Successfully presenting a streamer to fish in this specific temperature zone requires a few special tactics, nothing too difficult though. Remember that the ideal temperature is located at a certain depth, and that this temperature range varies slightly. If anglers could view a lake from underwater and see the ideal feeding temperature as a red color, they would see a two- to three-foot red slot, parallel to the surface of the lake, at one specific depth.
What an angler should attempt to do is to keep their offering in this slot throughout the entire retrieve. Get as much line out as possible and time the descent to correspond with the right depth. While waiting for the offering to drop to the right depth, strip more line out from the reel and allow it to sink below the surface near the boat. This method creates a parallel retrieve and keeps the fly in the ideal zone longer, thus increasing the chance of a strike.
The retrieve must be varied to be effective, and it must also match what the angler hopes to imitate. For example, a dying smelt will swim strong and quick for a short distance, and then remain momentarily suspended before it makes another run. To imitate this bait-fish, an angler should retrieve three feet of line as fast as possible in two or three stripping motions, then pause before stripping in more line. A couple of short stripping motions should be added occasionally to avoid a monotonous pattern. Wounded bait fish do not swim in a monotonous, routine fashion.

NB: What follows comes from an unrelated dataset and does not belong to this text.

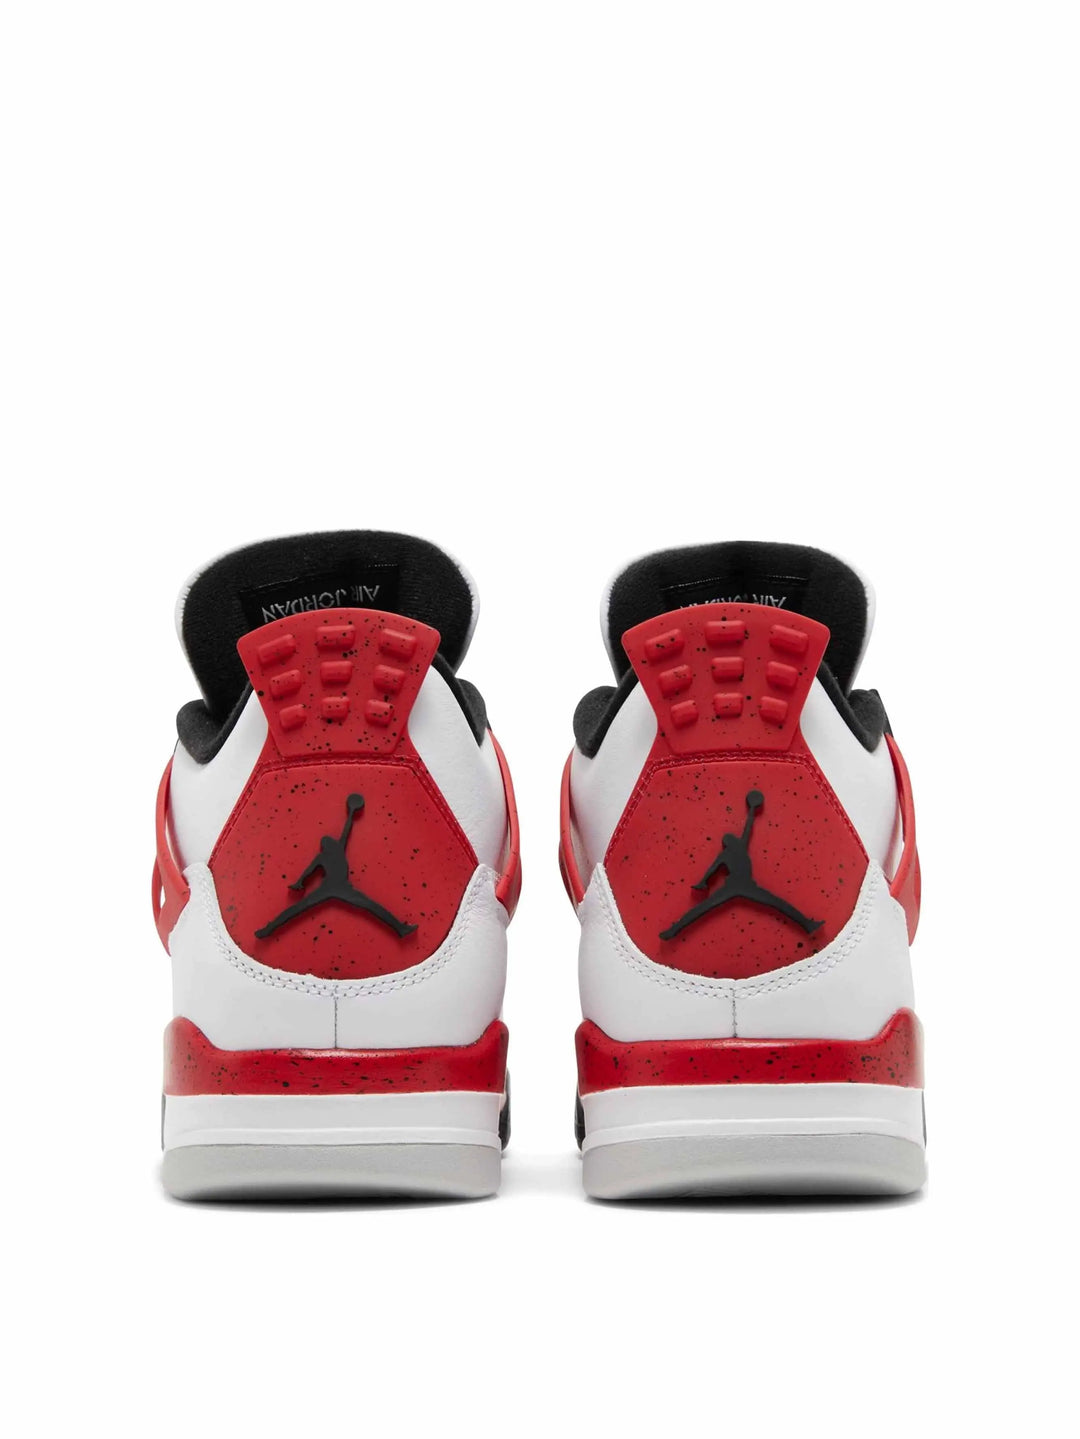 Nike Air Jordan 4 Retro Red Cement - Prior

This casting method should be performed in a clockwise direction, around the canoe or boat. The angler would start at the 12 o’clock position, cast out as far as possible, count up to ten seconds for the descent, and then begin stripping in line.
After casting out once to each number on the face of an imaginary clock, the angler will completely circle the boat and return to the 12 o’clock position. Repeat the same sequence, only let the line sink for a count of 15 seconds, then try it again with a count of 20 seconds. Timing will depend on the type of line that is being used.
Successfully fishing stillwater with a flyrod takes time and proper preparation. A good indication of accurate preparation and a precise retrieve will be a strong tug on the line as a lunker takes the imitation.